While crickets chirped and tumbleweeds tumbled at polling stations in Las Vegas and North Las Vegas, nearly 60 percent of Mesquite voters turned out to elect a new mayor and city councilman.

Incumbent Mayor Bill Nicholes weathered an FBI probe and some nasty attack ads in the primary, but his luck ran out on Tuesday as City Councilwoman Susan Holecheck grabbed more than 52 percent of the vote to pull the upset.

"I'm a little numb right now. I'm in a state of shock," said Holecheck, who moved to Mesquite from Las Vegas just four years ago. "I'm humbled by this."

Nicholes vowed to support Holecheck and the city anyway he can.

"The people have spoken. We must move on toward tomorrow," he said.

In the race for City Council, retired school administrator Randy Ence captured 58 percent of the vote in a rout of real estate agent W.G. "Geno" Withelder, who edged Ence by just 10 votes during the primary election.

Incumbent Councilman Dave Bennett won his second term outright in the primary by capturing about 60 percent of the ballots cast.

About 57 percent of Mesquite's 5,833 registered voters took part in Tuesday's general election.

For Nicholes, the defeat represented a significant reversal from the primary, when he finished first out of three mayoral candidates. That result came just days after he called a news conference to acknowledge that he was the subject of a wide-ranging FBI probe.

During the news conference, he denied all of the allegations against him and accused his political enemies of trying to smear him with a series of anonymous attack ads.

The campaign quieted down significantly after that, though Nicholes said he continued to be targeted by the owners of Mesquite's three biggest casinos.

"There's been a lot of money poured in (to the races) by Black Gaming," he said.

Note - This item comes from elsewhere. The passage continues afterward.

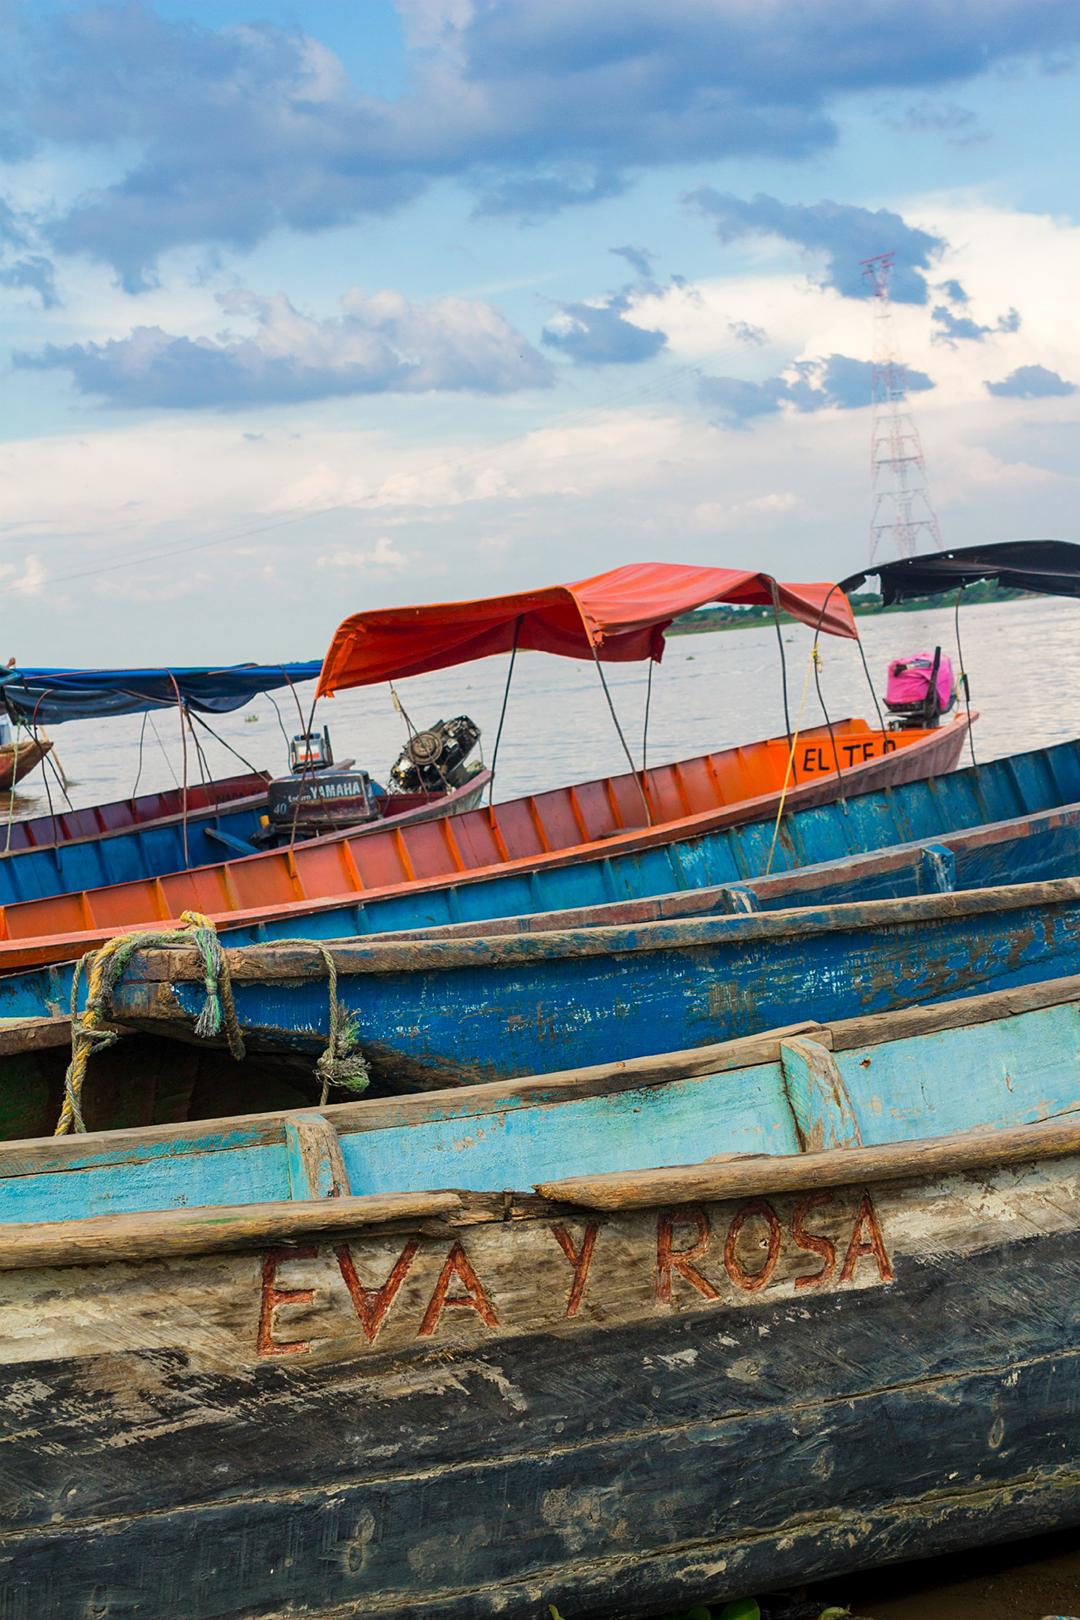 Exposición Entre Río y Mar, pescando instantáneas - Cortesía de Fundación para el desarrollo social y ambiental Naturaleza Social   (8)

Holecheck's campaign and expense reports don't seem to bear that out, but Ence raised a few eyebrows in Mesquite when he filed an amended financial disclosure late last month showing almost $20,000 in in-kind contributions from the three casinos. That's more than twice as much money as Withelder reported spending on his entire campaign.

Nicholes said Black Gaming officials want him out of office because of his support for a $250 million hotel-casino and mixed-use project proposed for Mesquite by Barcelona Partners LLC, a Las Vegas company with ties to the North Las Vegas casino Jerry's Nugget.

"They're going to try to teach me a lesson," he said.

In November 2005, City Council members voted unanimously to entertain Barcelona's unsolicited proposal. Two months later, the council voted 3-2 to sell the developer 132 acres of city land for less than $13.7 million.

The Barcelona deal is one of several transactions reportedly being looked at by the FBI.

Holecheck said she sought to distance herself from all of that during the campaign. "There's been some negativity. I've tried to stay focused on the issues," she said.

Holecheck's victory leaves an opening on the City Council. Someone will have be appointed to complete the last two years of her current term.